Después se detiene en las disputas bizantinas que protagonizaban las congregaciones religiosas. No solo se enemistaban por una determinada orientación teológica, asegura, sino también por motivos baladíes. Relata el caso de los curas de Guanare, en pleito con los capuchinos de la Villa de Araure por los poderes milagrosos que atribuían a una tosca imagen de María localizada en la corteza de un árbol, la “Madona de Araure”. Al ser encontrada por casualidad, la santa madera comenzó a rivalizar en portentos con la virgen de Guanare, milagrosa desde antiguo, que antes se había manifestado en una piedra ante los ojos atónitos de unos indios. Como producto de la indeseable competencia de Madonas, los padres de Guanare comenzaron a pregonar que solo su señora de Coromoto, que así se llama la imagen que escogió un mineral para su aparición, poseía facultades prodigiosas, mientras que la representación de la Corteza no era “sino una superchería de los capuchinos”.

También se solaza en la censura del negocio de las indulgencias, sometido a crítica inclemente desde los tiempos de la reforma luterana. Dauxion nos cuenta que en los curatos venezolanos expendían bulas de los vivos, bulas de los muertos, bula de lacticinios y de huevos y bula de componenda, con cuya adquisición el comprador hacía suyas las ventajas que traían incluidas. Veamos los poderes especiales de la bula de los vivos, descritos por el interesado observador: aunque hubiese cometido crímenes horribles, como el incesto, el titular quedaba descargado de culpa con la presentación del documento a cualquier sacerdote, quien debía concederle la absolución sin detenerse en preguntas innecesarias. Además,

Se adhería a ventajas inapreciables en un país cálido: poder oír la misa una hora antes de la salida del sol, hacerla oír en su casa cuando la iglesia de su parroquia está entredicha, comer bien los días de ayuno.

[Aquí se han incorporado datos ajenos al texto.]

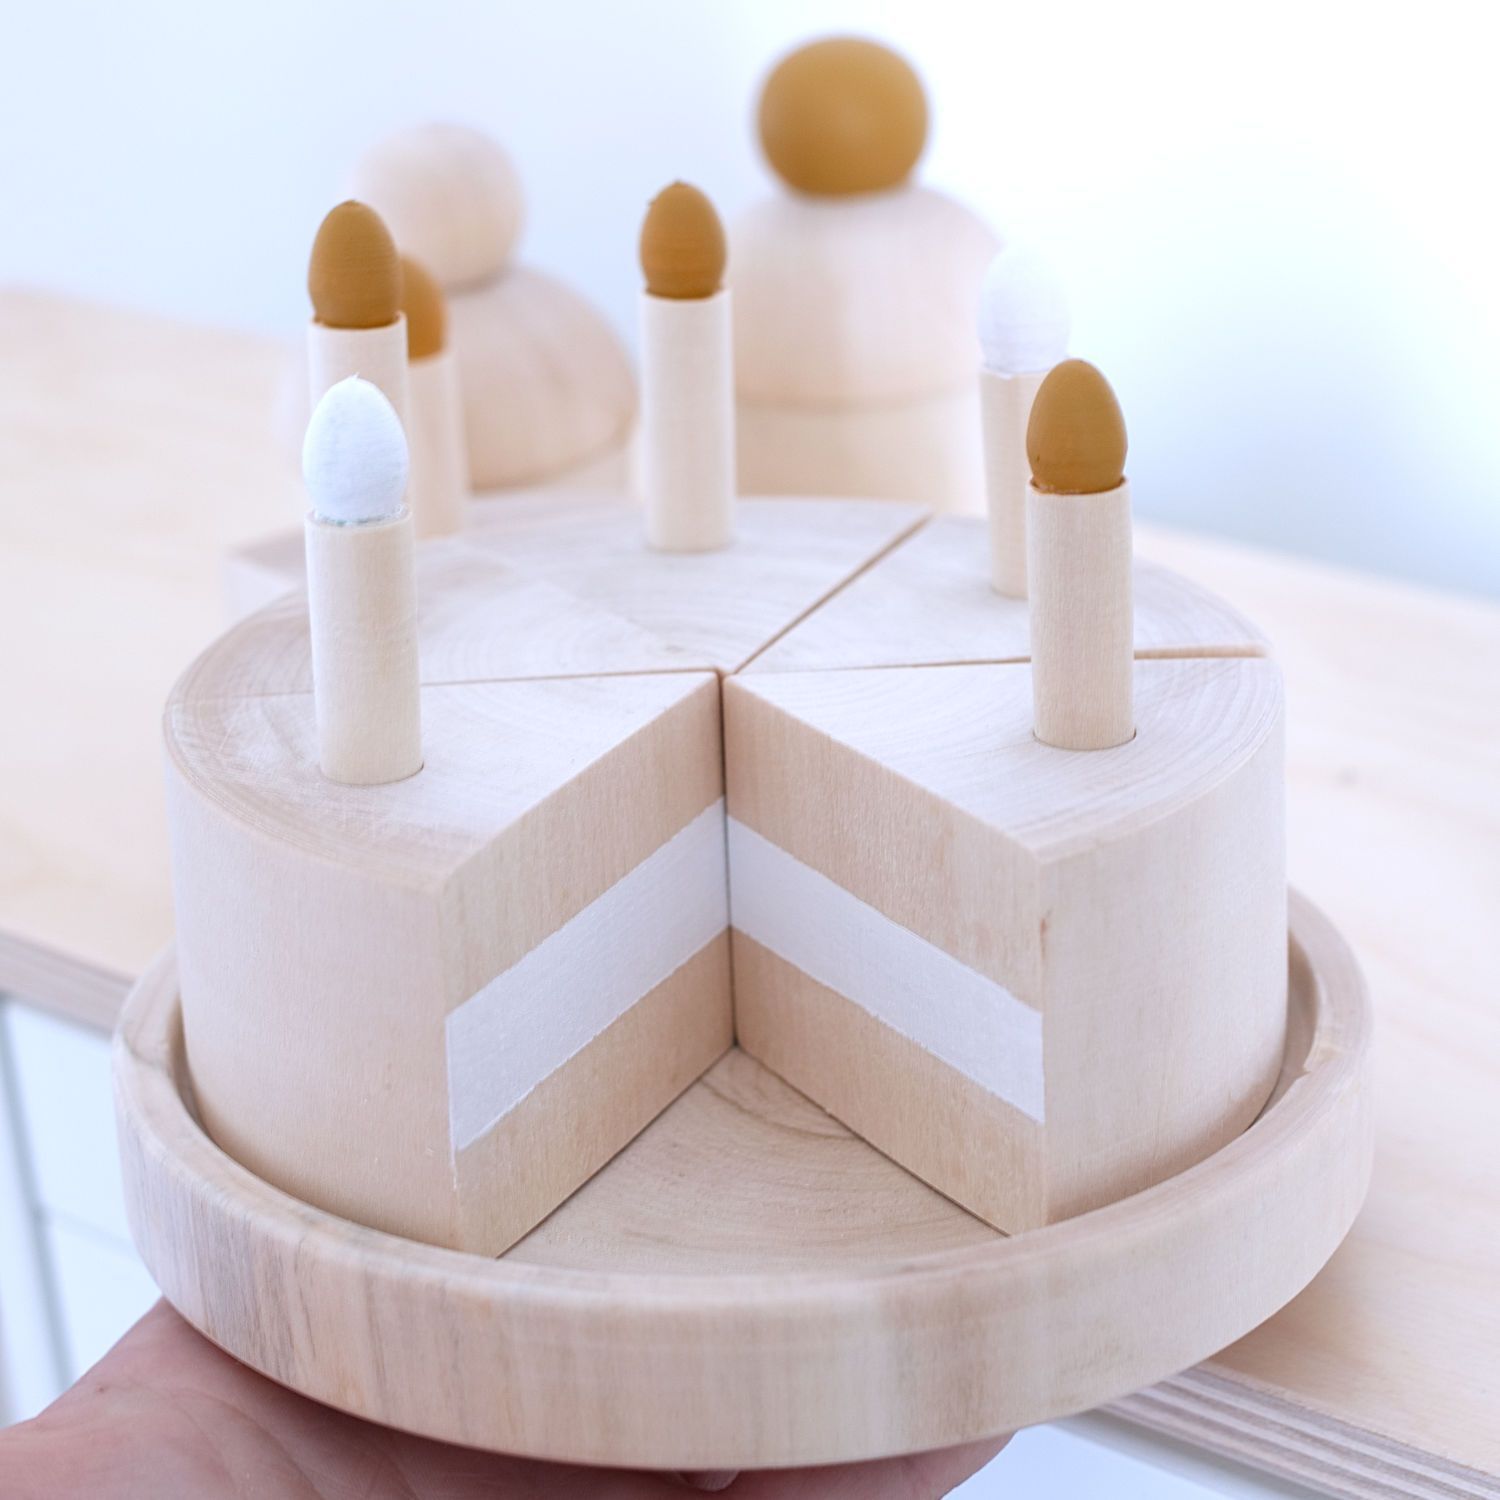  Mô hình bánh sinh nhật - Đồ chơi bằng gỗ dễ thương cho bé gái 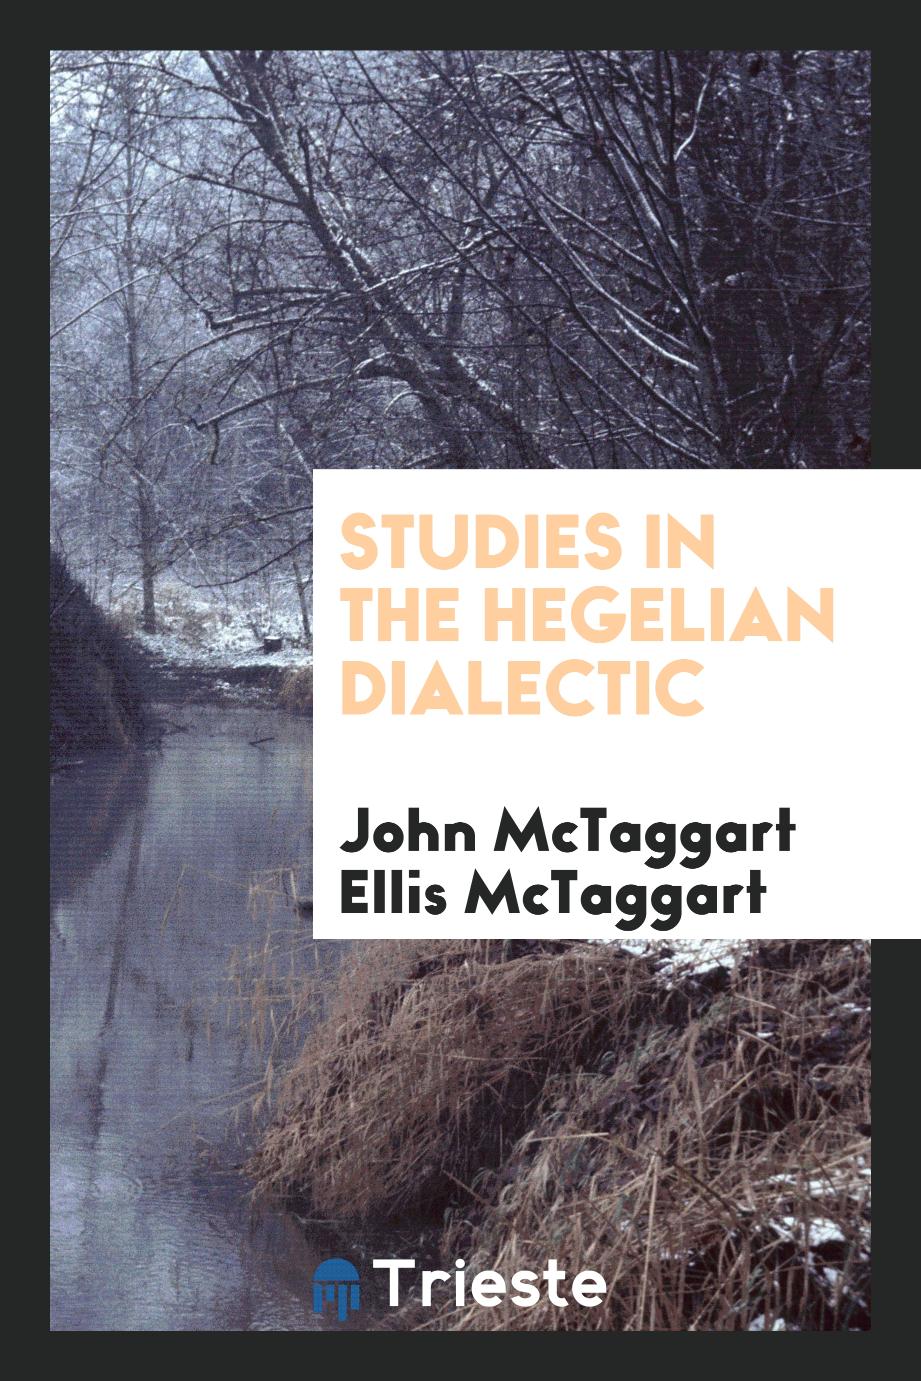 Studies in the Hegelian dialectic

Pero se fija en un detalle de mayor interés, referido a las personas influyentes en la sociabilidad colonial que parecía condenada a desaparecer. En general, las principales parentelas deseaban tener un bonete en su regazo: “Una familia blanca donde hubiese tres o cuatro varones se vería deshonrada si ninguno de ellos tomase los hábitos”. Una afirmación idéntica hace Miguel José Sanz en 1805, cuando arremete contra los mantuanos por su apego a “saberes y oficios vacuos”. Una memoria anónima que circula antes de 1810 cuenta un episodio que permite pensar en cómo el francés no viene exagerando. Según un autor desconocido que escribe un Extracto de una noticia de la revolución, aún hacia principios del XIX se presenciaban en Caracas escenas que considera extravagantes. Entre ellas la siguiente:

Un paisano amonestaba a su sobrino por el manifiesto riesgo de condenación eterna en que se ponía tocando la flauta por papel cuyas notas musicales eran compuestas por un luterano.

Si se agrega el hecho de que en la universidad de Caracas predominaban los estudios de latín y retórica para favorecer la lectura de la misa y de las obras de los patriarcas, junto con la enseñanza de la filosofía de Aristóteles y de las orientaciones escolásticas, se está ante la persistencia de una mentalidad asentada en el pilar de la tradición. Buscar en su seno un apogeo de la modernidad, o una presencia determinante de sus desafíos, es exploración vana. De allí la trascendencia de un testimonio como el de Dauxión, capaz de meternos en una realidad que se ha distorsionado por el afán de pedirle lo que no puede dar. Si nos distanciamos de los epítetos y de las ganas que seguramente tenía un “ilustrado” francés de apabullar la cultura de origen español, haremos una reconstrucción verosímil del prólogo de la Independencia.